I spent in total almost a whole work day on this and the result is that this is definitely not a Psychtoolbox bug, but a bug or limitation in the underlying 3rd party Portaudio library or even in the Windows Wasapi sound system. Looking at the Portaudio source code for Wasapi shows that Windows Wasapi has quirks (to say it in the most friendly way) on the sound input side which make this challenging for Portaudio to handle. Tons of special cases depending on the sound hardware connected/audio driver used, and the specific sound settings requested. The amount of complexity needed is pretty awful, so i’m not that surprised bugs could creep in easily on the capture side for various sound cards and not get noticed for a long time.
Diagnosing any further if this is a Portaudio problem or MS-Windows problem would take a lot of time and effort, fixing it (if it is fixable from our side at all, ie. not a MS-Windows bug) so i will almost certainly not work on this anytime soon, and not without being contracted and paid to do so. If i spent a day investigating something and at the end i’m more surprised that it works at all, than that it has bugs usually doesn’t mean it will be an easy or quick fix.
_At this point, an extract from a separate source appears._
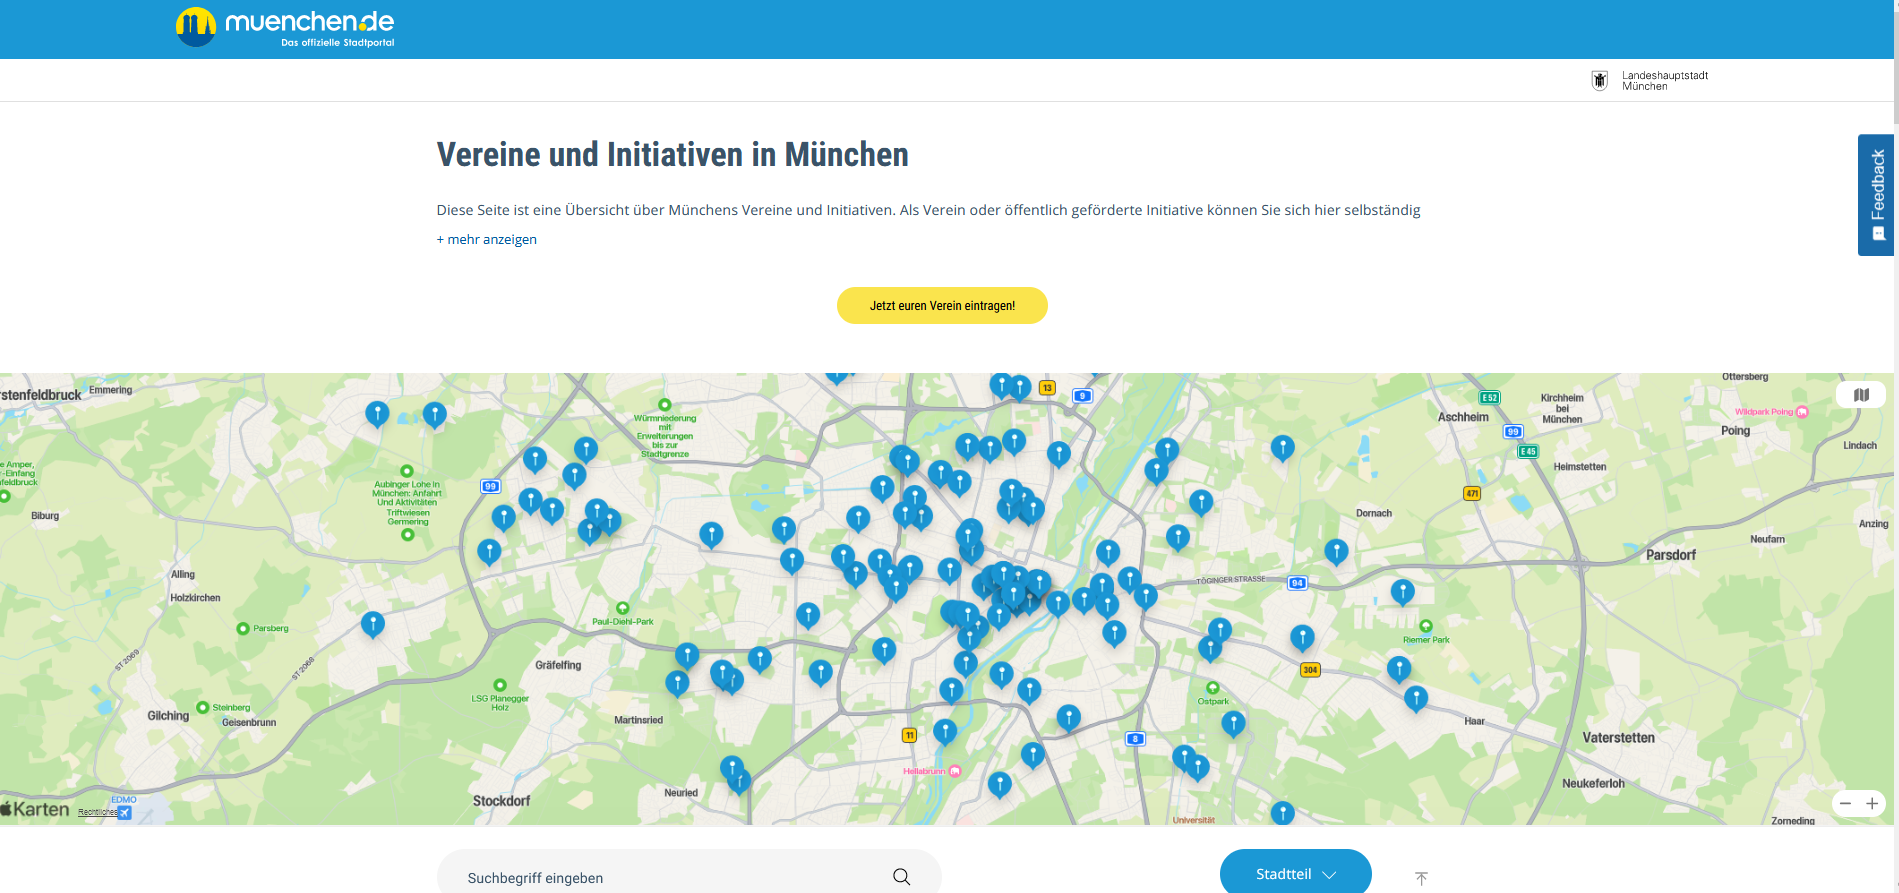 Online-Übersicht über Vereine und Initiativen in München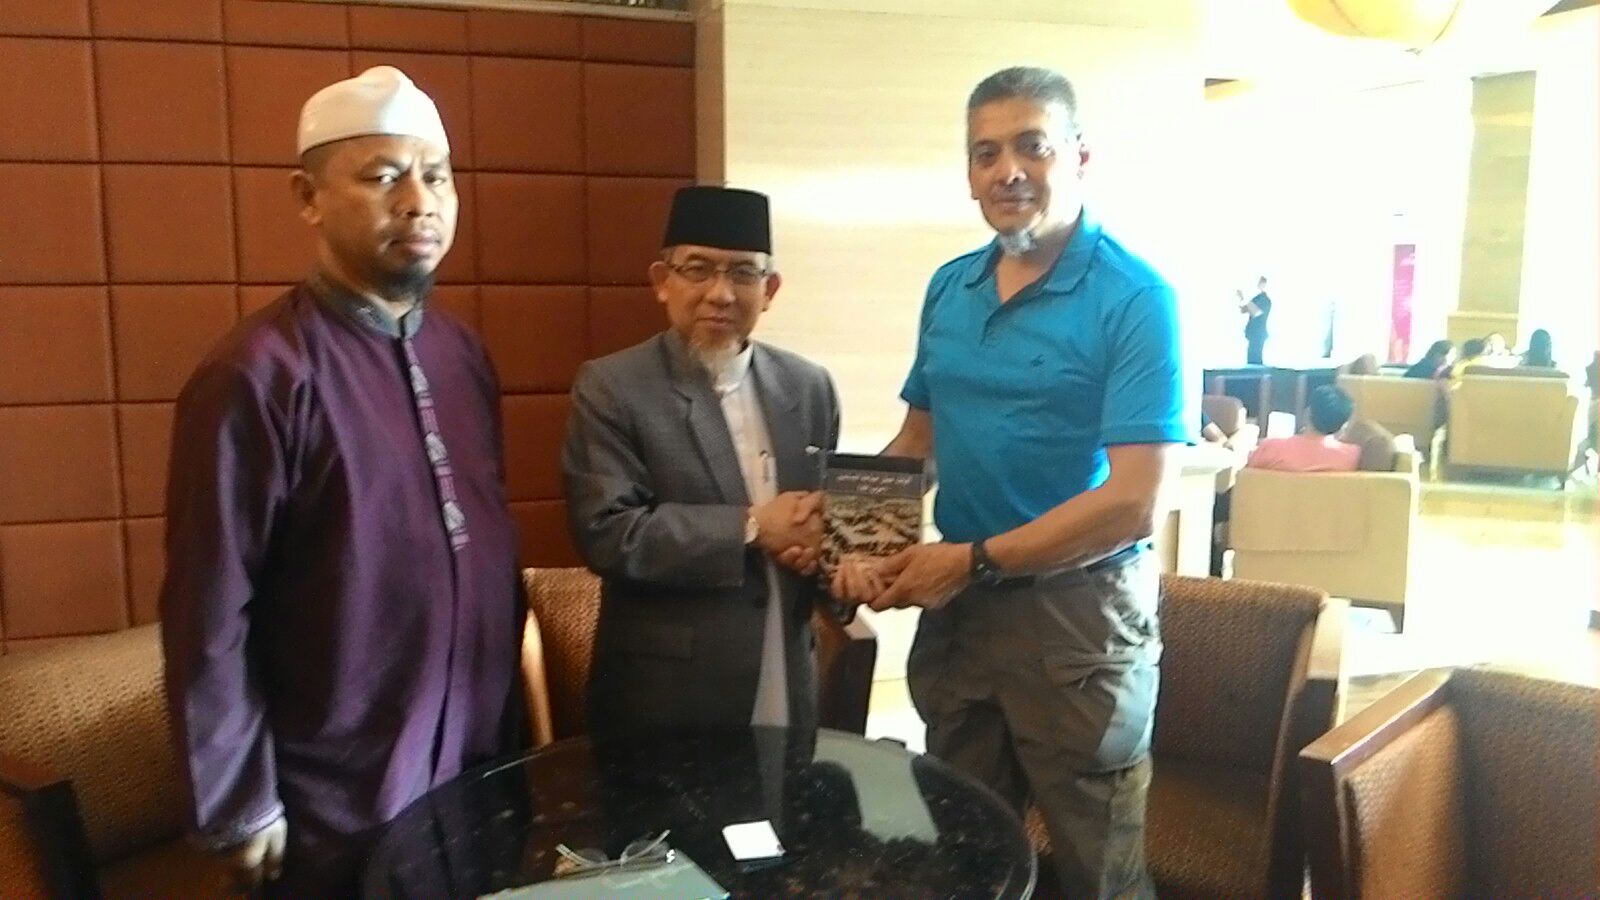 ULAMA AFSEL INGIN BELAJAR TENTANG ISLAM DI INDONESIA

What i can say is that there are fundamentally different processing paths in Portaudio depending if you use reqlatencyclass 1 or > 1, and the low-latency settings you’d need (lower than 20 msecs input latency) seem to be even more broken, so atm. you probably can’t get precise timestamps for voice onset and low latency at the same time. There are also different processing paths for full-duplex vs. half-duplex, and various special cases depending on hardware properties.
I guess the best you can do is tinker. As far as i understand your paradigm you don’t need precise timestamps for voice onset, only a quick low-latency way to detect if voice onset happened, so you can quickly call PsychPortAudio(‘Start’) for the playback part. So it may work for you to just push input latency down by tinkering with the bufferSize parameter and setting reqlatency to 4.
Or switch to Linux, where this stuff should work better, and especially if you have timing requirements like yours, as long as you use a reasonably supported sound card. Onboard HDA sound usually works well if the sound chip actually sticks to the HDA standard or is not super brand-new or exotic, as do UAC compliant USB sound cards, and the stuff that is officially supported by ALSA.